13 Nonclinical Toxicology ⮝

13.1 Carcinogenesis, Mutagenesis, Impairment of Fertility

Carcinogenesis

Carcinogenicity studies were conducted in which modafinil (a mixture of R- and S-modafinil) was administered in the diet to mice for 78 weeks and to rats for 104 weeks at doses of 6, 30, and 60 mg/kg/day. The highest doses studied were associated with plasma modafinil exposures (AUC) less than that in humans at the recommended human dose (RHD) of modafinil (200 mg/day). There was no evidence of tumorigenesis associated with modafinil administration in these studies. However, the mouse study was inadequate because the high dose was not a maximum tolerated dose (MTD). In a mouse carcinogenicity study in which armodafinil (the R-enantiomer of modafinil) was administered at oral doses of up to 300 mg/kg/day in males and 100 mg/kg/day in females for approximately 2 years, no tumorigenic effects were observed. The highest doses studied, which were considered MTDs, were associated with plasma armodafinil exposures less than (females) or 2 times (males) that in humans at the RHD of modafinil.

Mutagenesis

Modafinil was negative in a series of in vitro (i.e., bacterial reverse mutation, mouse lymphoma tk, chromosomal aberration in human lymphocytes, cell transformation in BALB/3T3 mouse embryo cells) or in vivo (mouse bone marrow micronucleus) assays.

Impairment of Fertility

Oral administration of modafinil (doses of up to 480 mg/kg/day) to male and female rats prior to and throughout mating, and continuing in females through day 7 of gestation produced an increase in the time to mate at the highest dose; no effects were observed on other fertility or reproductive parameters. The no-effect dose of 240 mg/kg/day was associated with a plasma modafinil AUC less than that in humans at the RHD of modafinil.

14 Clinical Studies ⮝

14.1 Narcolepsy

The effectiveness of modafinil in improving wakefulness in adult patients with excessive sleepiness associated with narcolepsy was established in two U.S. 9-week, multi-center, placebo-controlled, parallel-group, double-blind studies of outpatients who met the criteria for narcolepsy. A total of 558 patients were randomized to receive modafinil 200 or 400 mg/day, or placebo. The criteria for narcolepsy include either: 1) recurrent daytime naps or lapses into sleep that occur almost daily for at least three months, plus sudden bilateral loss of postural muscle tone in association with intense emotion (cataplexy); or 2) a complaint of excessive sleepiness or sudden muscle weakness with associated features: sleep paralysis, hypnagogic hallucinations, automatic behaviors, disrupted major sleep episode; and polysomnography demonstrating one of the following: sleep latency less than 10 minutes or rapid eye movement (REM) sleep latency less than 20 minutes. For entry into these studies, all patients were required to have objectively documented excessive daytime sleepiness, via a Multiple Sleep Latency Test (MSLT) with two or more sleep onset REM periods and the absence of any other clinically significant active medical or psychiatric disorder. The MSLT, an objective polysomnographic assessment of the patient s ability to fall asleep in an unstimulating environment, measured latency (in minutes) to sleep onset averaged over 4 test sessions at 2-hour intervals. For each test session, the subject was told to lie quietly and attempt to sleep. Each test session was terminated after 20 minutes if no sleep occurred or 15 minutes after sleep onset.

In both studies, the primary measures of effectiveness were: 1) sleep latency, as assessed by the Maintenance of Wakefulness Test (MWT); and 2) the change in the patient s overall disease status, as measured by the Clinical Global Impression of Change (CGI-C). For a successful trial, both measures had to show statistically significant improvement.

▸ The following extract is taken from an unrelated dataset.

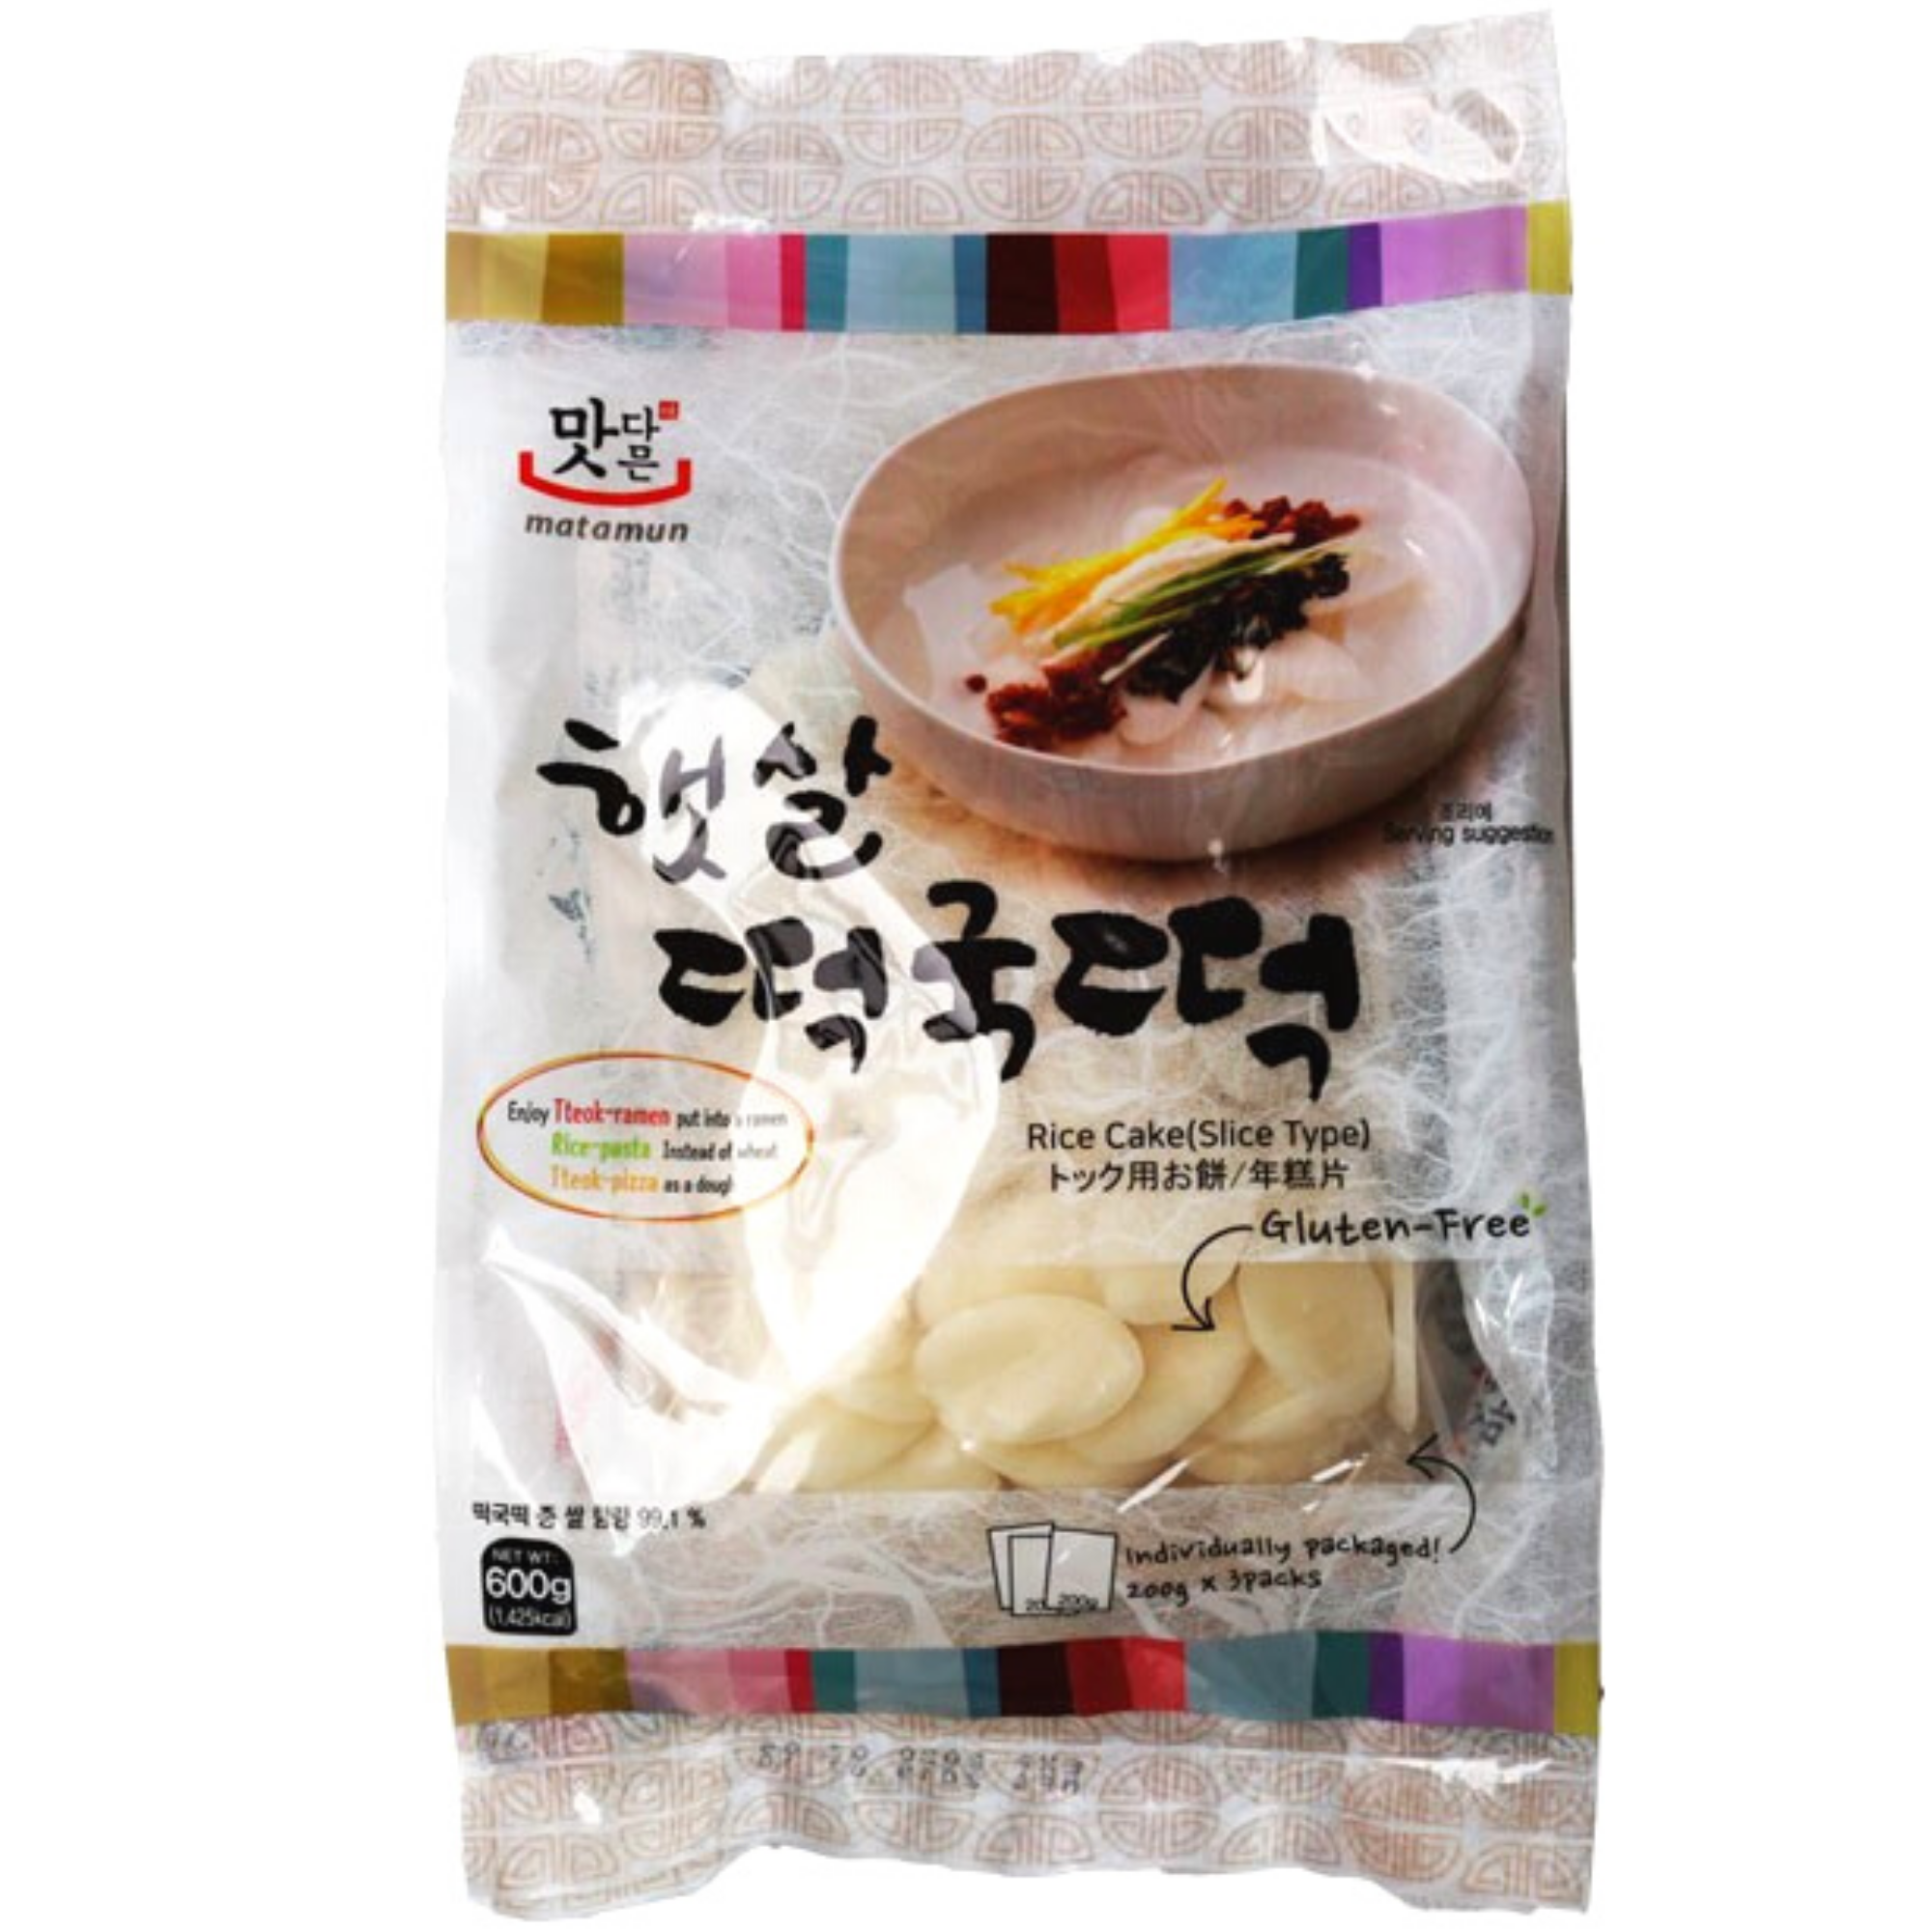 Rice cake siam dan // Noodles siam dan //How to make Myanmar Rice Cake //  Mizo Ei siam dan - YouTube
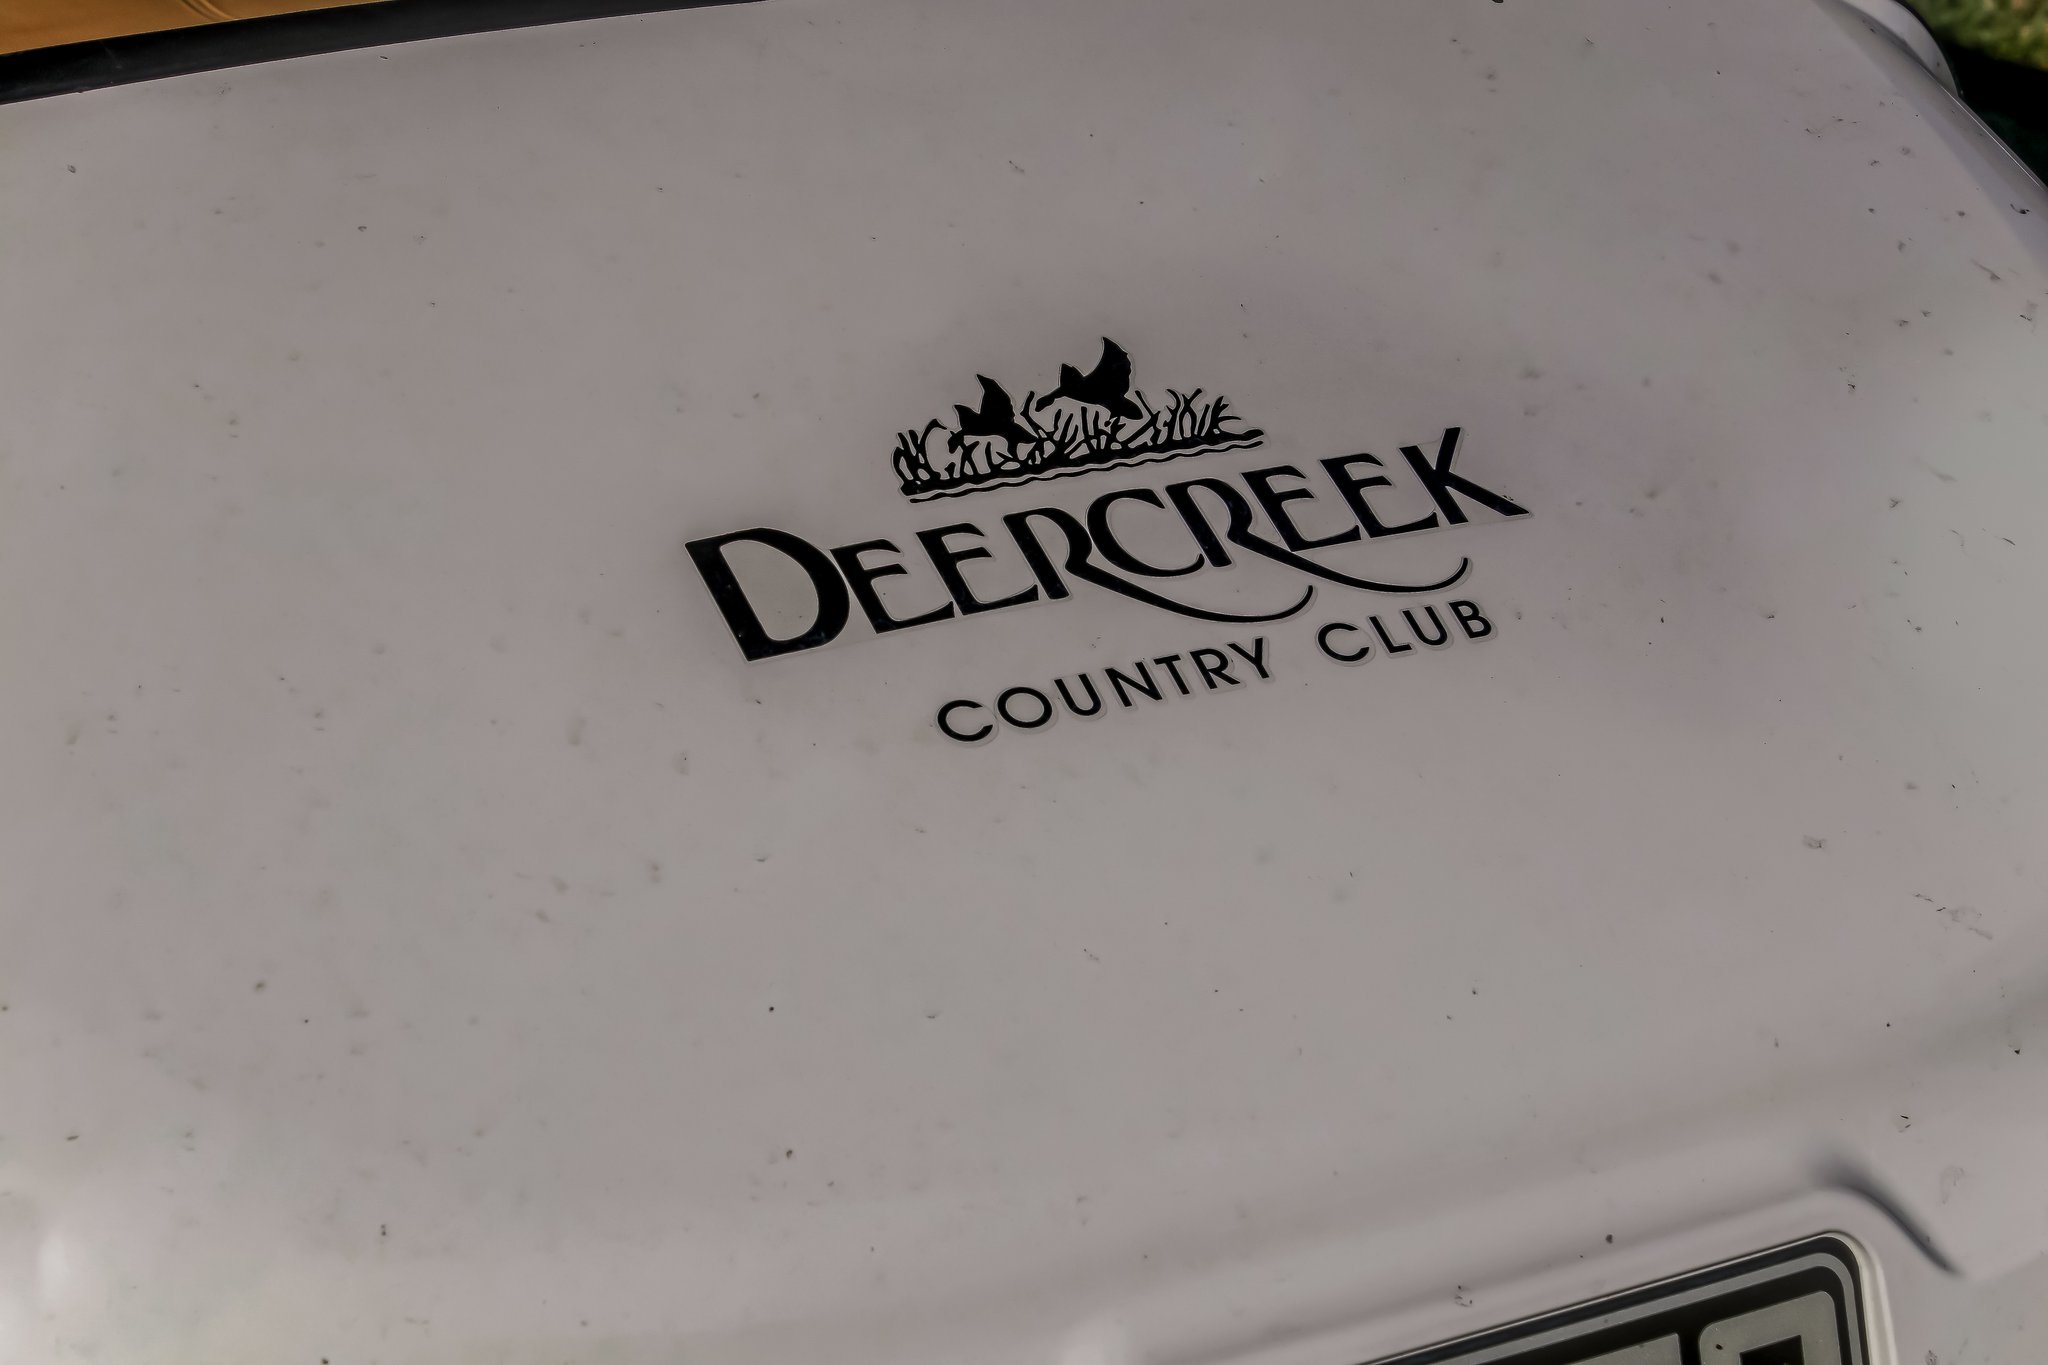 Deercreek

The MWT measures latency (in minutes) to sleep onset averaged over 4 test sessions at 2 hour intervals following nocturnal polysomnography. For each test session, the subject was asked to attempt to remain awake without using extraordinary measures. Each test session was terminated after 20 minutes if no sleep occurred or 10 minutes after sleep onset. The CGI-C is a 7-point scale, centered at No Change, and ranging from Very Much Worse to Very Much Improved. Patients were rated by evaluators who had no access to any data about the patients other than a measure of their baseline severity. Evaluators were not given any specific guidance about the criteria they were to apply when rating patients.

Both studies demonstrated improvement in objective and subjective measures of excessive daytime sleepiness for both the 200 mg and 400 mg doses compared to placebo. Patients treated with modafinil showed a statistically significantly enhanced ability to remain awake on the MWT at each dose compared to placebo at final visit (Table 2). A statistically significantly greater number of patients treated with modafinil at each dose showed improvement in overall clinical condition as rated by the CGI-C scale at final visit (Table 3).

Nighttime sleep measured with polysomnography was not affected by the use of modafinil.

14.2 Obstructive Sleep Apnea (OSA)

The effectiveness of modafinil in improving wakefulness in patients with excessive sleepiness associated with OSA was established in two multi-center, placebo-controlled clinical studies of patients who met the criteria for OSA. The criteria include either: 1) excessive sleepiness or insomnia, plus frequent episodes of impaired breathing during sleep, and associated features such as loud snoring, morning headaches and dry mouth upon awakening; or 2) excessive sleepiness or insomnia and polysomnography demonstrating one of the following: more than five obstructive apneas, each greater than 10 seconds in duration, per hour of sleep and one or more of the following: frequent arousals from sleep associated with the apneas, bradytachycardia, and arterial oxygen desaturation in association with the apneas. In addition, for entry into these studies, all patients were required to have excessive sleepiness as demonstrated by a score 10 on the Epworth Sleepiness Scale (ESS), despite treatment with continuous positive airway pressure (CPAP). Evidence that CPAP was effective in reducing episodes of apnea/hypopnea was required along with documentation of CPAP use.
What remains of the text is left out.